BookmarkSubscribeRSS Feed
azt5173
Obsidian | Level 7

I have three data sets (A,B,C) all of them have missing values but if i combine them together it should output a complete data set. All of the data set contains the variables(g1,g2,g3) and the data set kind of looks like this:

 

      g1 g2 g3               g1 g2 g3             g1 g2 g3

1      1.1 2.2              1 .    .   .              1 .    .   .

2       2 3  4               2  .   .   .               2.   .   .

3       5 6 7               3  .    .   .              3 .    .   .

4      1  2 3               4  .  .   .                 4 .   .  .

5      .   .  .                5 1 2 3                 5  .  .  .

6     1 2  3                 6 .   . .                  6.   .  .
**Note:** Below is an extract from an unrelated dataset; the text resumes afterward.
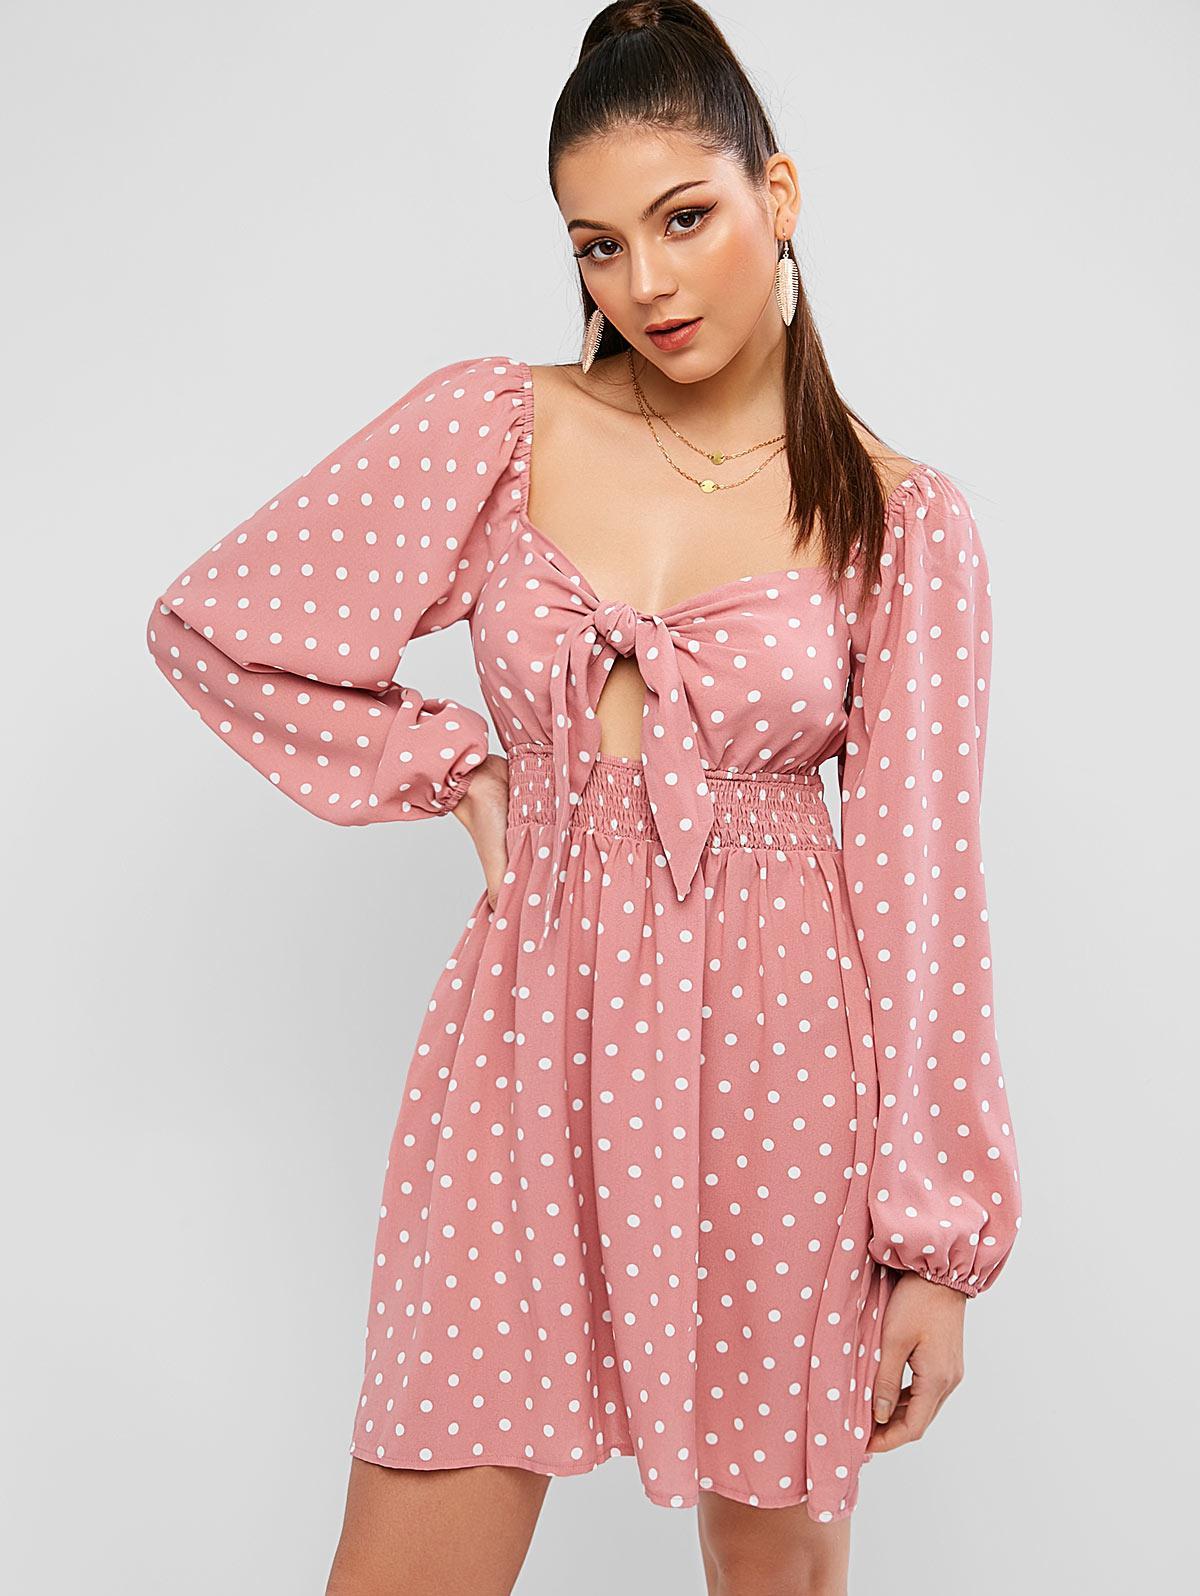 ZAFUL Knot Shirred Waist Polka Dot Milkmaid Dress thumbnail

7     .   .   .                                              7  5 6 7

 

I need the output data set to look like this:

 

       g1 g2 g3

1     1.1 2  2

2     2  3   4

3     5 6 7

4     1  2 3

5    1  2  3

6    1  2 3

7    5   6 7

I have tried the code below:

 

data m;
merge a b  c;
by g1 g2 g3;
retain tempg1 tempg2 tempg3;
if first.g1 then tempg1=.;
else if first.g2 then tempg2=.;
else if first.g3 then tempg3=.;
if g1=. then g1=tempg1;
else if g2=. then g2=tempg2;
else if g3=. then g3=tempg3;
if tempg1=g1;
if tempg2=g2;
if tempg3=g3;
run;

 

SAS says that the data sets have to be sorted but then the one data's missing values do not correspond non missing values in the other data set. Any help will be appreciated,

7 REPLIES 7
Astounding
PROC Star

What's the name of the first variable, the one that numbers the observations 1 through 7?

azt5173
Obsidian | Level 7

Hi, it doesn't have a name I guess its just the observations. 

Astounding
PROC Star

WIthout such a variable combining the data sets is unreliable.  You have different numbers of observations in each data set.  How do you know which ones are the right matches?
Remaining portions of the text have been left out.